La distribución nacional y también internacional a gran escala de un disco de Ángeles del Infierno que rescata sus primeras maquetas ha sido el último y escandaloso capítulo del renacer de cierta “piratería” de tintes modernos, aunque intenciones eternamente pecuniarias. A simple vista, nadie notaría la obra de clonación realizada por una hipotética compañía llamada Disquera Yo Soy el Rey sobre “Principios Diabólicos. Demos ‘83”, un vinilo que recoge ocho canciones procedentes de los tiempos de garaje/de la bajera de los vascos, además de dos temas en directo y estudio: “Ángel infierno” y “Rock and roll”.
Repasemos la secuencia de hechos. Hará un par de años apareció uno de esos prensajes privados de tirada muy limitada y sin ánimo de lucro desde lo que se podría definir como una inofensiva dark web del coleccionismo que ha existido desde tiempos inmemoriales. Por desgracia, una de aquellas copias privadas destinadas a que unas grabaciones que llevaban años circulando entre los muy “cafeteros” de Ángeles del Infierno estuvieran en un formato artesano, pero tangible, llegó a manos de quien no parece muy interesado en respetar el legado de ADI. La indagación sobre el origen del LP (y también CD) de bajísima calidad y que desde hace un año inunda todas las ferias de discos y las plataformas de venta de música nos ha llevado a analizar el propio vinilo, en cuya matriz o parte central del disco figura una inscripción con las letras GP.
Esta matriz que siempre aparece grabada en cualquier vinilo a modo de matrícula
identificativa, muestra en este caso las letras “GP” junto una numeración concreta. Las siglas corresponden a la empresa portuguesa Grama Pressing, la “marca de agua” que viene utilizando en los últimos tiempos el empresario peruano con residencia en España Mario Lachy, responsable del sello Black Legion Records. Esa misma identificación figura en todas sus ‘peruvian editions’ de las reediciones más o menos autorizadas que ha efectuado de referencias históricas de bandas españolas de los 80 como Goliath, Sobredosis o Tritón.
Ya que citamos estas reimpresiones de clásicos del Heavy patrio, conviene apuntar que Black Legion proporciona con frecuencia un teléfono de Perú para el contacto, lo que no es sino una maniobra más de despiste para evitar la identificación de la procedencia exacta del vinilo. Lo que no cambia en ellos es el sempiterno “GP”, único rastro real del lugar donde se prensan “sus” vinilos.

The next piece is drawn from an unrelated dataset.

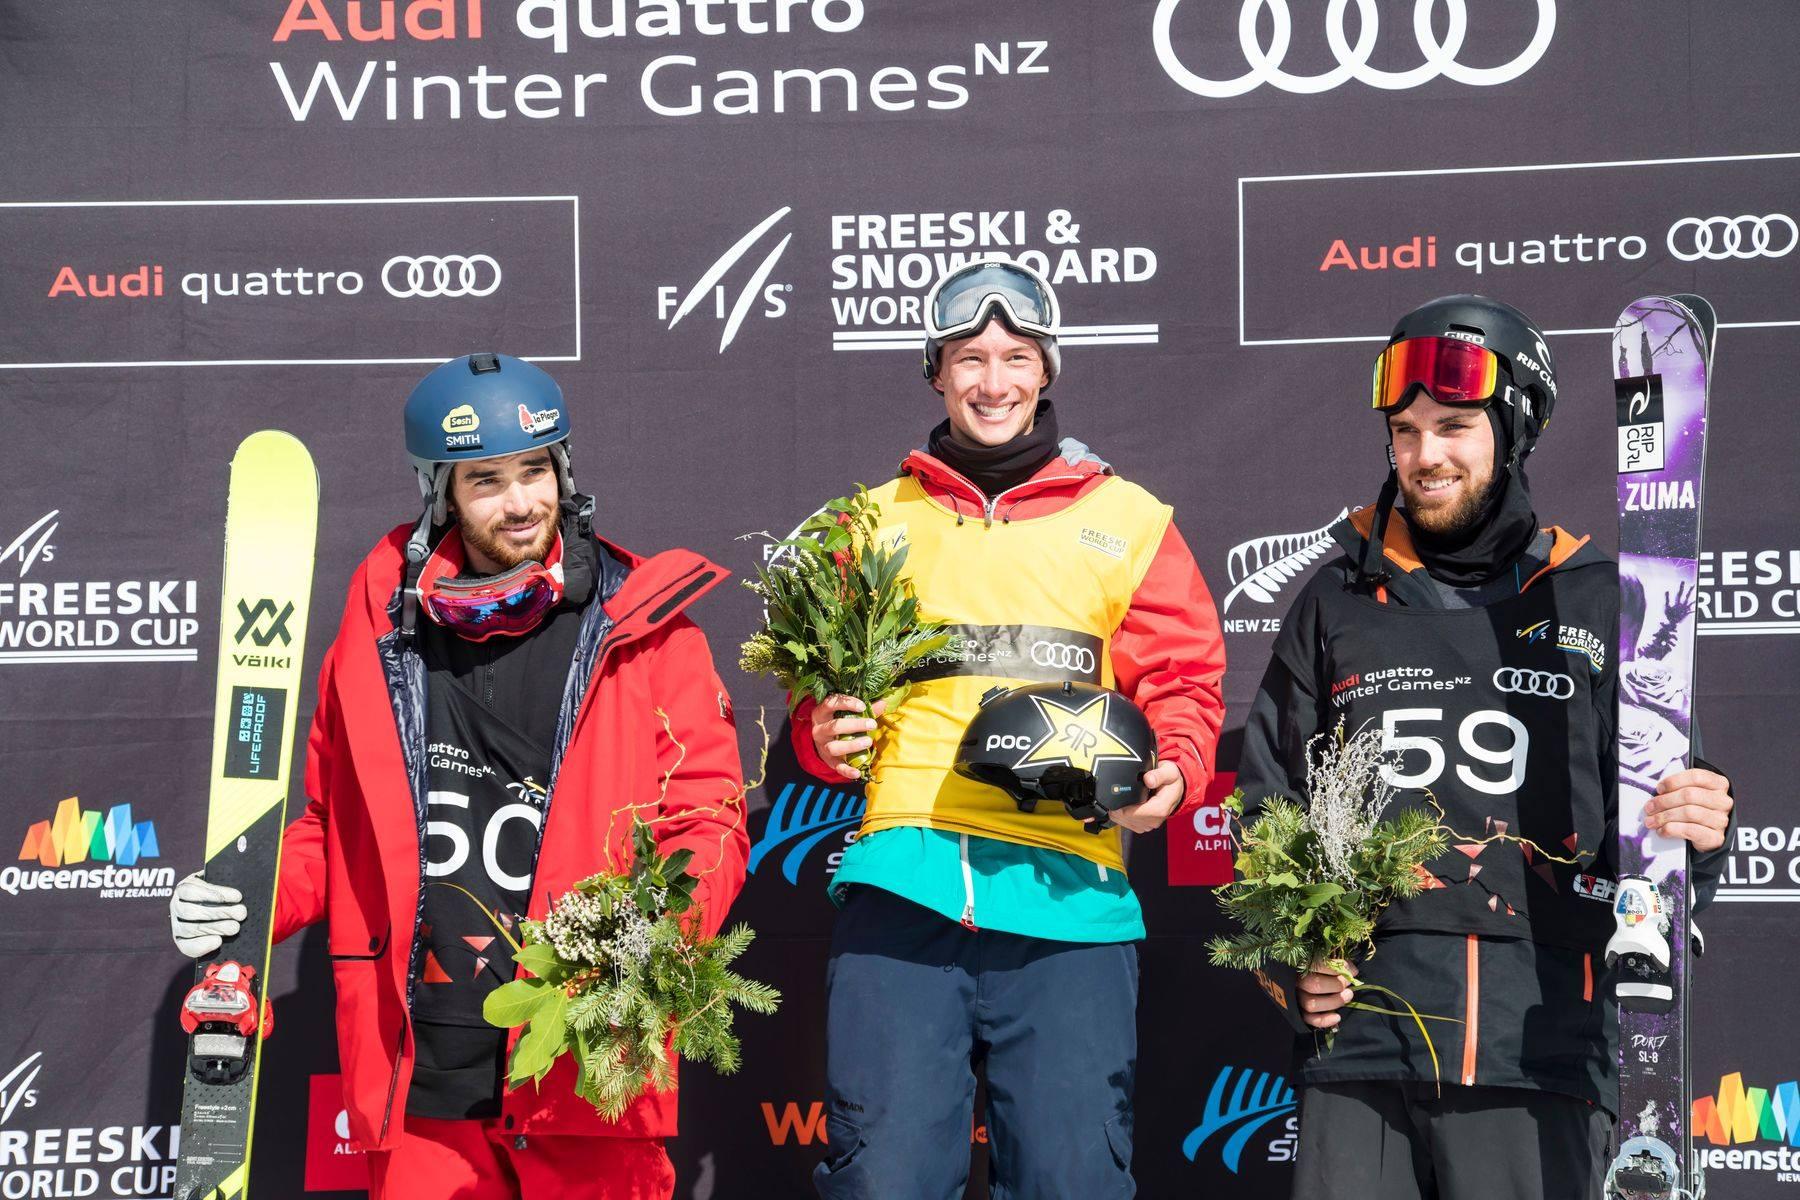 Die Top 3 Männer beim ersten FIS Halfpipe Contest der Saison 17/18: Kevin Rolland (FRA), Alex Ferreira (USA), Simon d'Artois Skiing (CAN) (v.l.n.r.) - Foto: FIS Freestyle / Neil Kerr / Winter Games
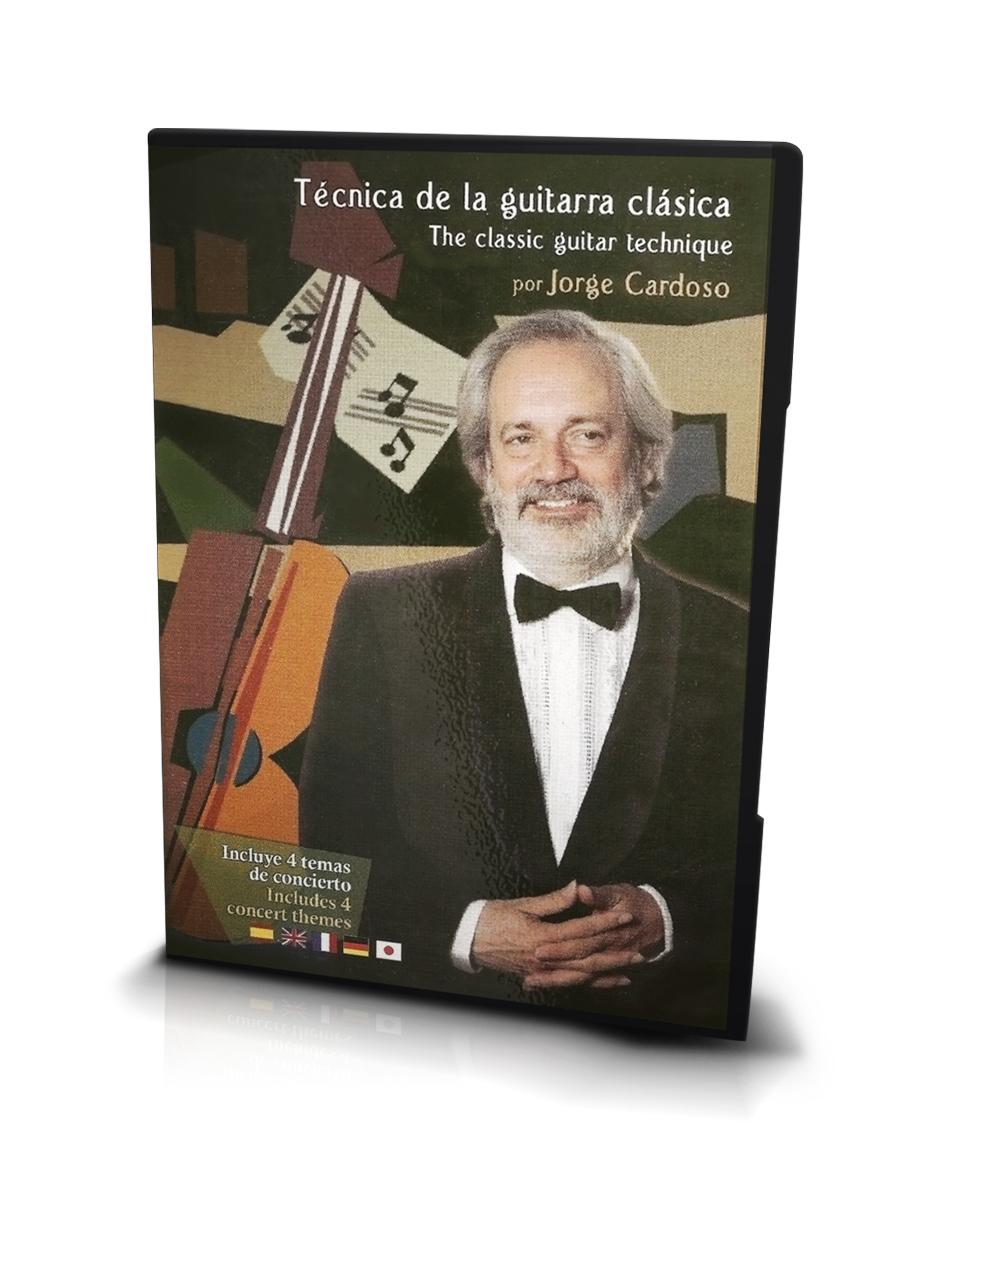 Técnica de la Guitarra Clásica (Libro-DVD) Jorge Cardoso › DVD Otros ...

El primer capítulo de la apropiación indebida de la demo de Ángeles del Infierno por parte de Black Legion (y sus marcas derivadas) remite a su propia edición inicial en CD, para la que Lachy efectuó una digitalización de muy baja calidad. Para su comercialización jugó además al despiste total y no contó con acreditación alguna y en su sonido se apreciaba incluso el arrastre de la aguja del tocadiscos por el que había pasado un vinilo casero durante el proceso de digitalización. El audio mostraba además cierta saturación respecto al prensaje privado, aunque lo peor aún estaba por llegar para disgusto de los incautos coleccionistas…
Pese al alto precio del vinilo comercializado (por encima de 25 euros y de 15 en el caso del compact disc), esta nueva edición física empeora aún más la calidad del sonido respecto de su CD también pirata. Al arrastre ya descrito de su digitalización previa se une un registro aún más grave, producto de la conversión del soporte digital en su exportación al vinilo. Obviamente la calidad no parece estar entre las prioridades de quienes auspician este asalto al legado patrimonial del Rock Duro y el Heavy Metal nacionales.
Esto es pues lo que están recibiendo los miles de ilusionados fans de Ángeles del Infierno, especialmente en los países de habla hispana. Y no se lo merecen…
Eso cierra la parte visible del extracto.